By: Mike Brill – Staff Writer

A Chapel Hill, North Carolina, man was charged with the murder of three Muslim students earlier this month.

Craig Hicks, 46, is currently in jail, accused of shooting his three neighbors in the head, according to the Washington Post. Deah Barakat, 23, was a dental doctoral student at the University of North Carolina at Chapel Hill. Yusor Abu-Salha, 21, was Barakat’s wife, and Razan Abu-Salha, 19, was her sister. The Abu-Salha sisters were undergraduates at North Carolina State University.

Chapel Hill police officers arrested Hicks at the scene. He was later charged with three counts of first-degree murder and one count of discharging a firearm in an occupied dwelling. First-degree murder carries a potential death penalty sentence in North Carolina.

Hicks and the three students resided in the same apartment complex. The police and Hicks’ wife, Karen Hicks, believe that the shooting occurred over a parking dispute. Hicks had confronted his neighbors in previous instances about parking in his parking space.

According to The Huffington Post, Hicks is known for being confrontational. He often threatened to have cars towed from the complex parking lot, and complained to neighbors about noise. Apartment complex residents describe his behavior as aggressive and harsh.

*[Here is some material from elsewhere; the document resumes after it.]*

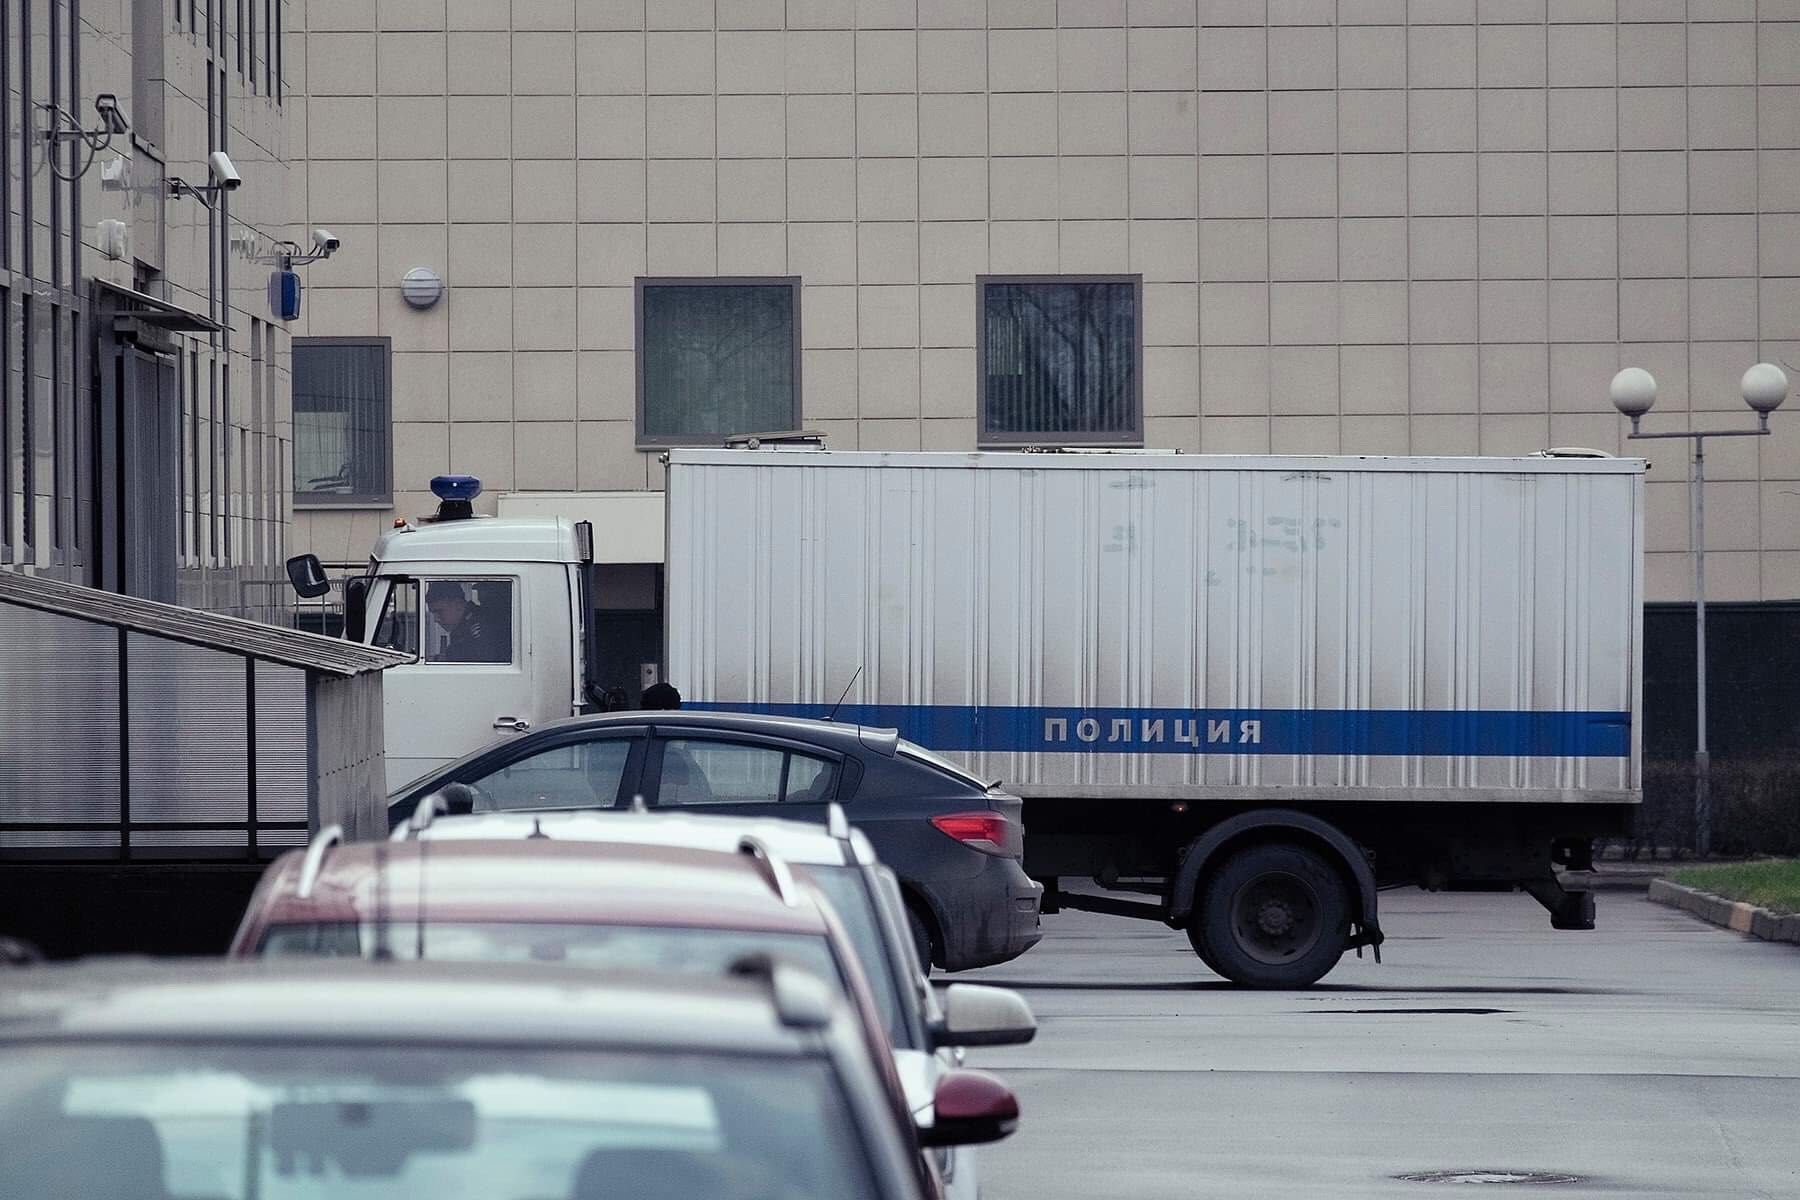 En fangetransportbil på vei til retten i Moskva.
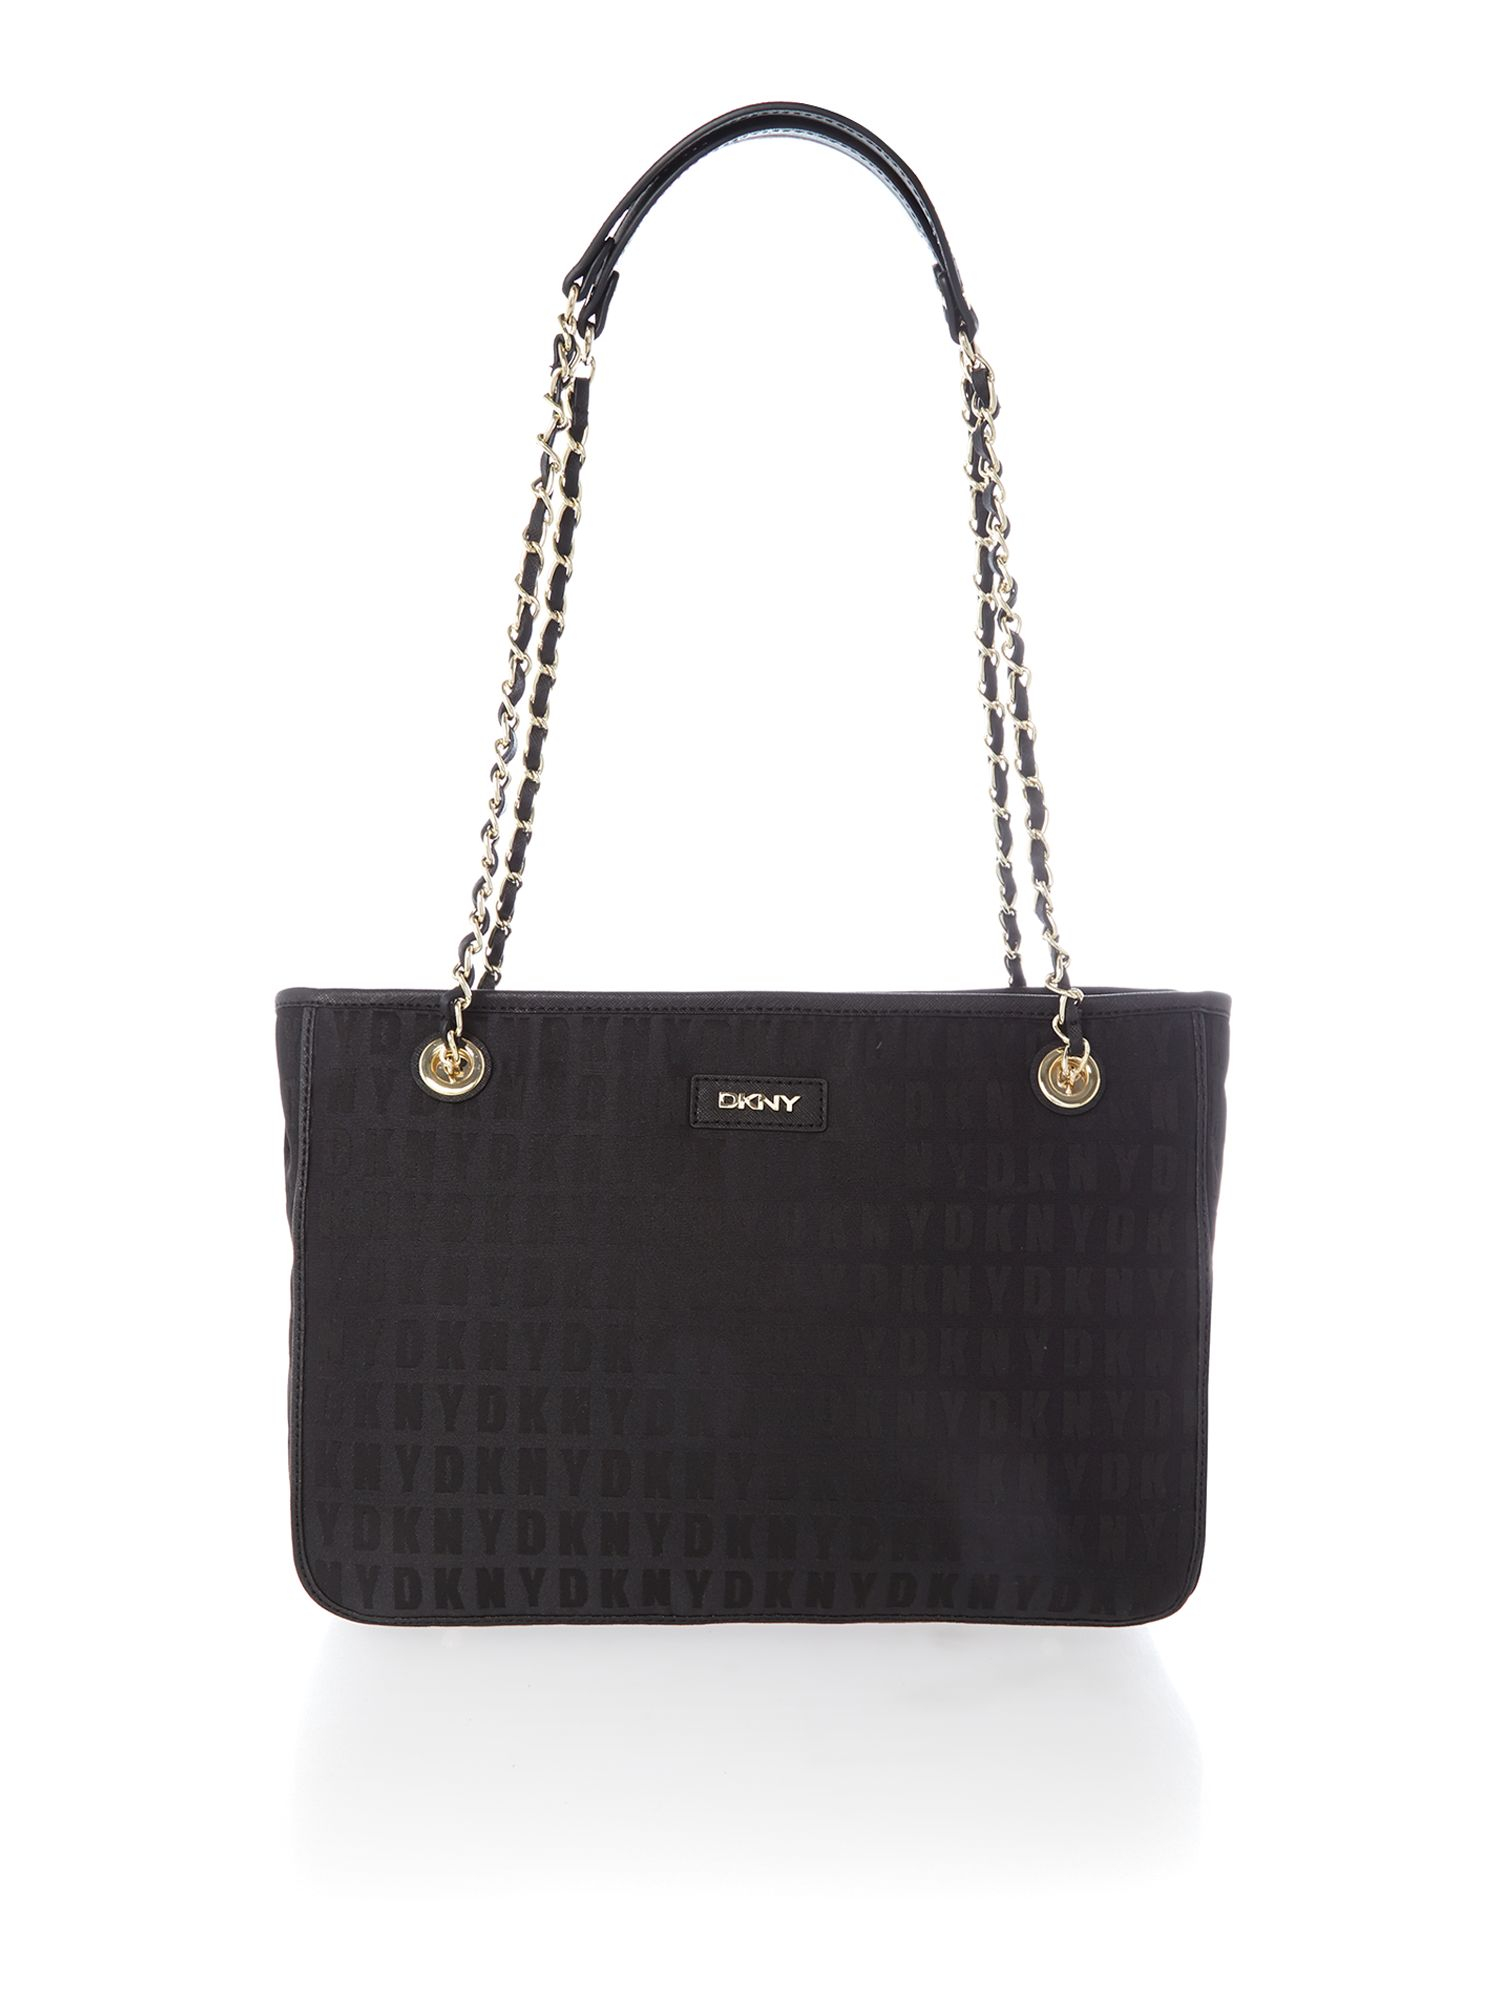 dkny black chain tote bag in black lyst

They organized a meeting last year to speak with him about his behavior.

“I can say with absolute belief that this incident had nothing to do with the religion of the victims’ faith, but it was related to a longstanding parking dispute,” Karen Hicks said.

The victims’ friends, family and other members of the Muslim-American community, however, believe the shooting was religiously motivate.

According to UNC’s Daily Tar Heel, Hicks, an atheist, is also known for being critical of religion. Hicks’ Facebook page includes many posts that take aggressive tones toward Christianity and Islam, and one picture of his revolver. He is a self-described anti-theist, someone who is an adamant opponent of religion.

“We have no doubt that the way they looked and the way they believed had something to do with this,” Mohammed Abu-Salha, father of the two female victims, said.

According to a Washington Post article from Feb. 14, Palestinian officials called Hicks “an American extremist and hateful racist.”

“The Chapel Hill Police Department is using all available resources to determine whether hate was a motivating factor,” said Chapel Hill Mayor Mark Kleinschmidt.

The FBI and U.S. Justice Department are investigating the shooting alongside local police to determine if Hicks assaulted the students because of their Islamic faith.

Family members of the victims have created a Facebook page, named “Our Three Winners,” to remember the victims. Thousands attended a vigil on the UNC campus the day following the shooting.

A public funeral was held with over 5,500 attendees, according to The Guardian.

President Barack Obama, in response to the tragedy, addressed the topic of extremist violence last week.

“Many Muslim-Americans are worried and afraid,” Obama said. “I want to be as clear as I can be. As Americans – all faiths and backgrounds – we stand with you in your grief, and we offer our love and we offer our support.”